The fire that indefinitely closed a Tyson Fresh Meats plant in Kansas sent prices for individually packaged beef and cattle futures rising in the ensuing weeks. Choice packaged beef climbed 11% to $239.87 per hundredweight two weeks after the fire. The price has since dropped lower than $214.

Cattle futures also reacted dramatically to the fire and have since recovered, with prices for cattle fattened in feedlots and ready for slaughter taking the "biggest hit," Peel said. That was expected because of the sudden closure of the processing plant, he said.

Prices for feedlot-fattened cattle dropped more than 5% to $106.68 per hundredweight in the week after the fire, data show, and later bottomed out five weeks after the fire at $100.07 before recovering. They were $107.12 by the first week October.
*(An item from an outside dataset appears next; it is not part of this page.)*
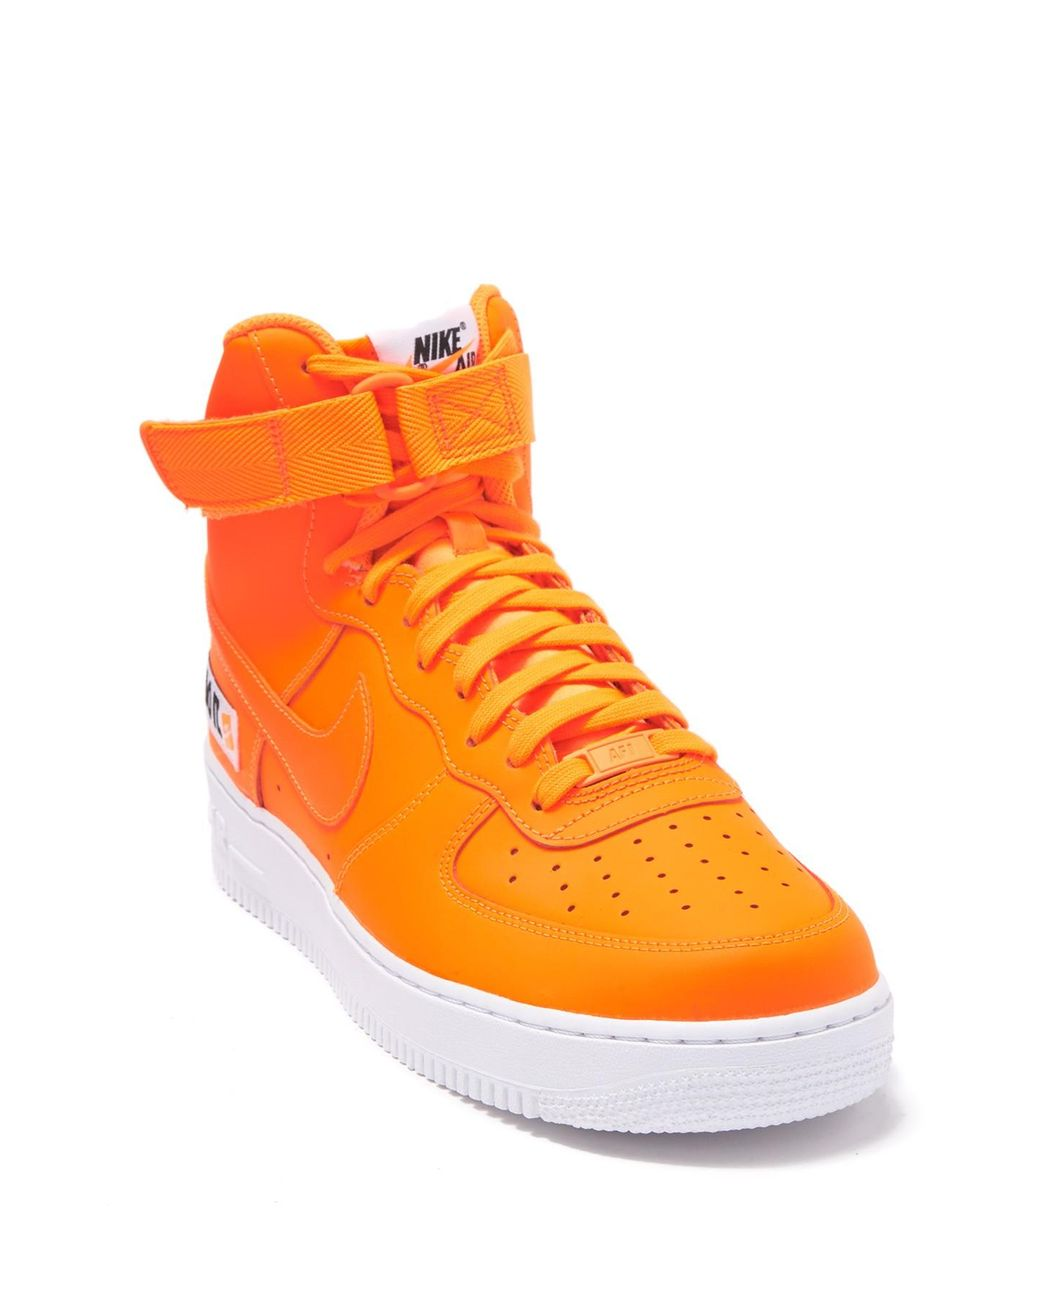 new styles f7c43 0c3ae Men's Orange Air Force 1 High '07 Jdi Sneaker

To counter the effects of the plant's closure, feedlots and packing plants resorted to "significant logistical contortions" to reroute cattle to other facilities, Peel said, a process that continues.

After the market price fluctuations, the U.S. Department of Agriculture's packers and stockyards division opened an investigation into the matter to see if there is any evidence of collusion, price manipulation or other unfair practices.
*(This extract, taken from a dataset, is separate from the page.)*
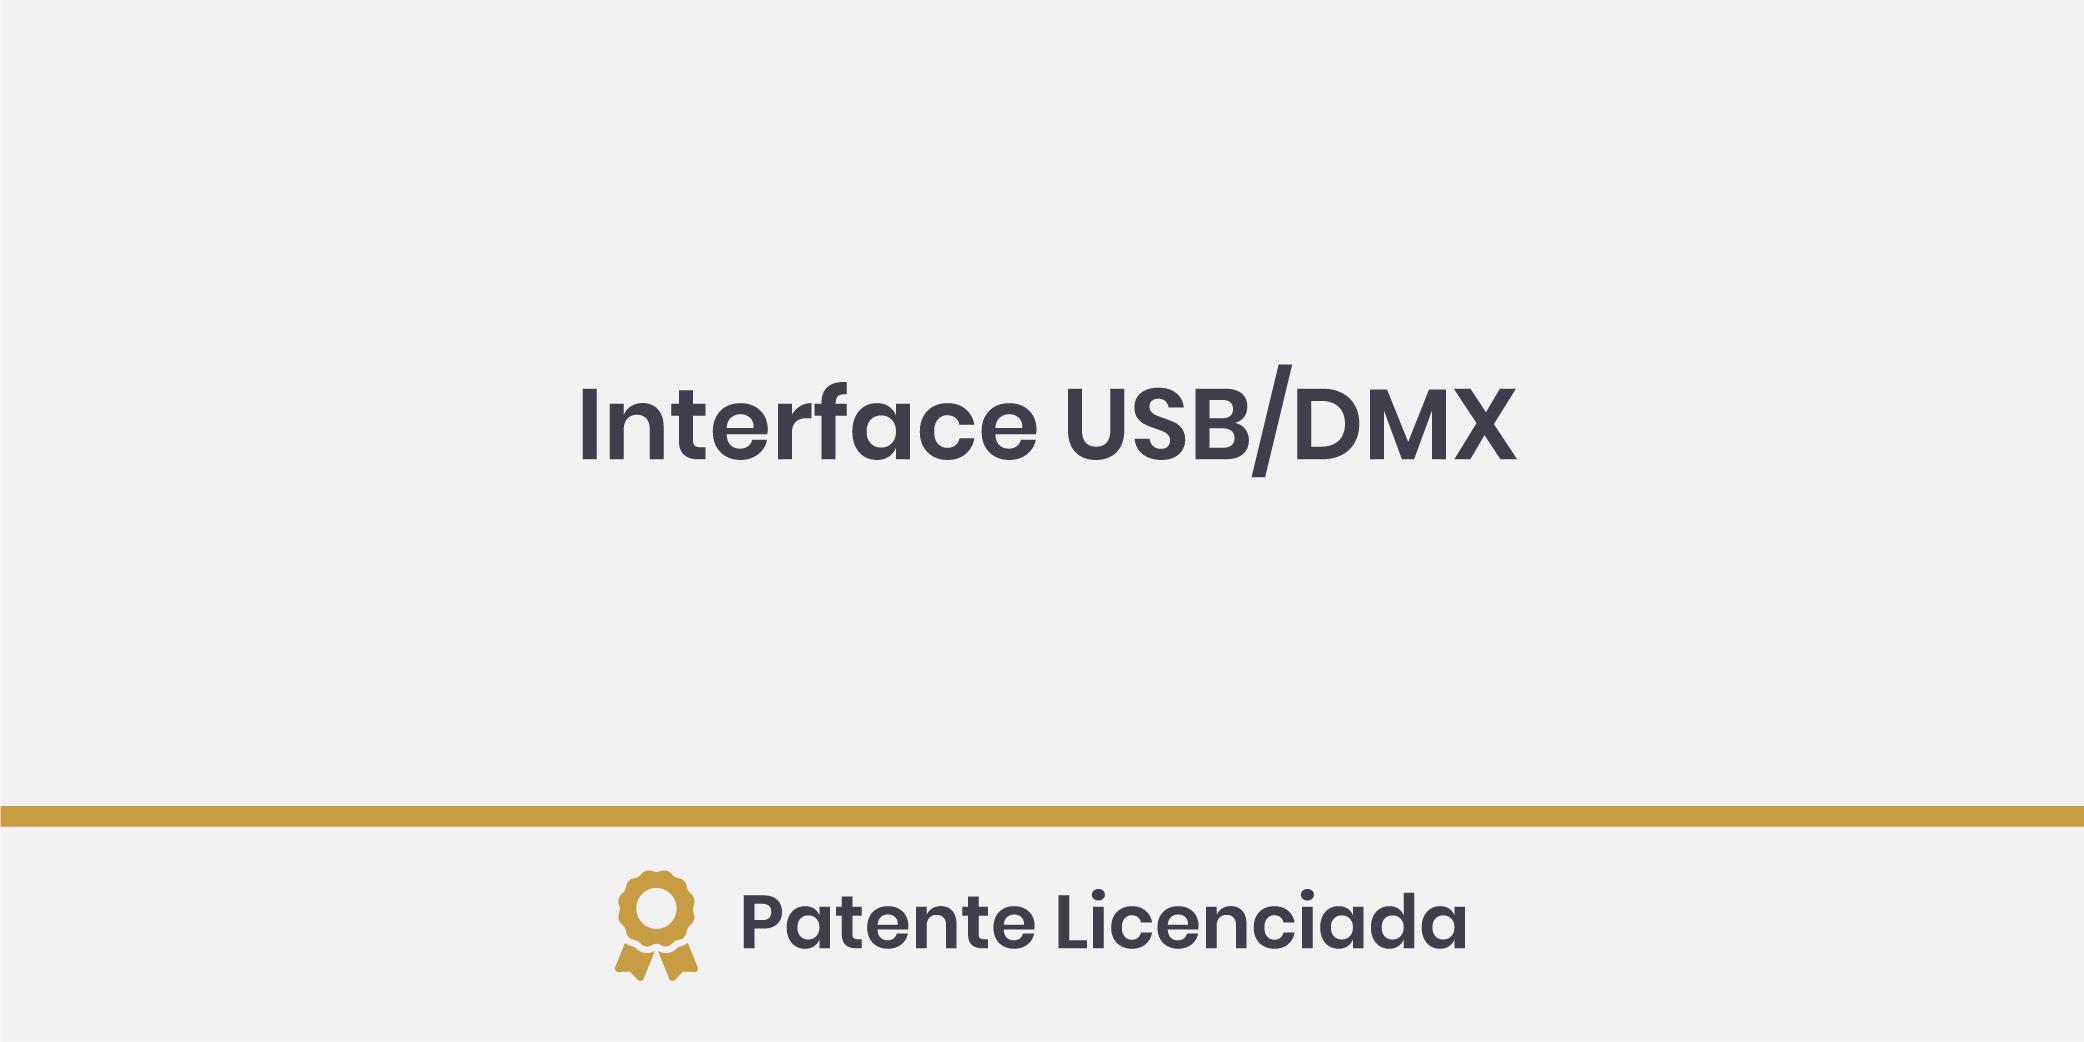 Interface USB/DMX; Patente Licenciada.

The Tyson plant in Holcomb, Kan., received heavy fire damage on Aug. 8, causing it to close indefinitely and idling some 3,800 workers. That resulted in an immediate loss of beef in wholesale markets, which left beef buyers scrambling and Tyson in a bind to meet contractual obligations, Peel said.

After the plant's closure, Tyson's Fresh Meats President Steve Stouffer said the company would provide "guaranteed pay" to workers until the plant is operational again.

The plant can process about 6,000 head of cattle per day, or 15% to 25% of Tyson's total beef capacity, according to a Stephens Inc. analysis.

There are plans to rebuild the plant, but Tyson has not said when it will reopen.

Peel estimated that tight packing capacity will continue to restrict prices for feedlot-fattened cattle somewhat, but it appears the industry has avoided more serious pitfalls.

"Certainly there are impacts and additional costs still being incurred by buyers and sellers to deal with the impacts of the closed packing plant," Peel said. "Though some in the industry were surprised and frustrated with market reactions after the fire, the type and duration of price behavior are exactly what is predicted by market economics."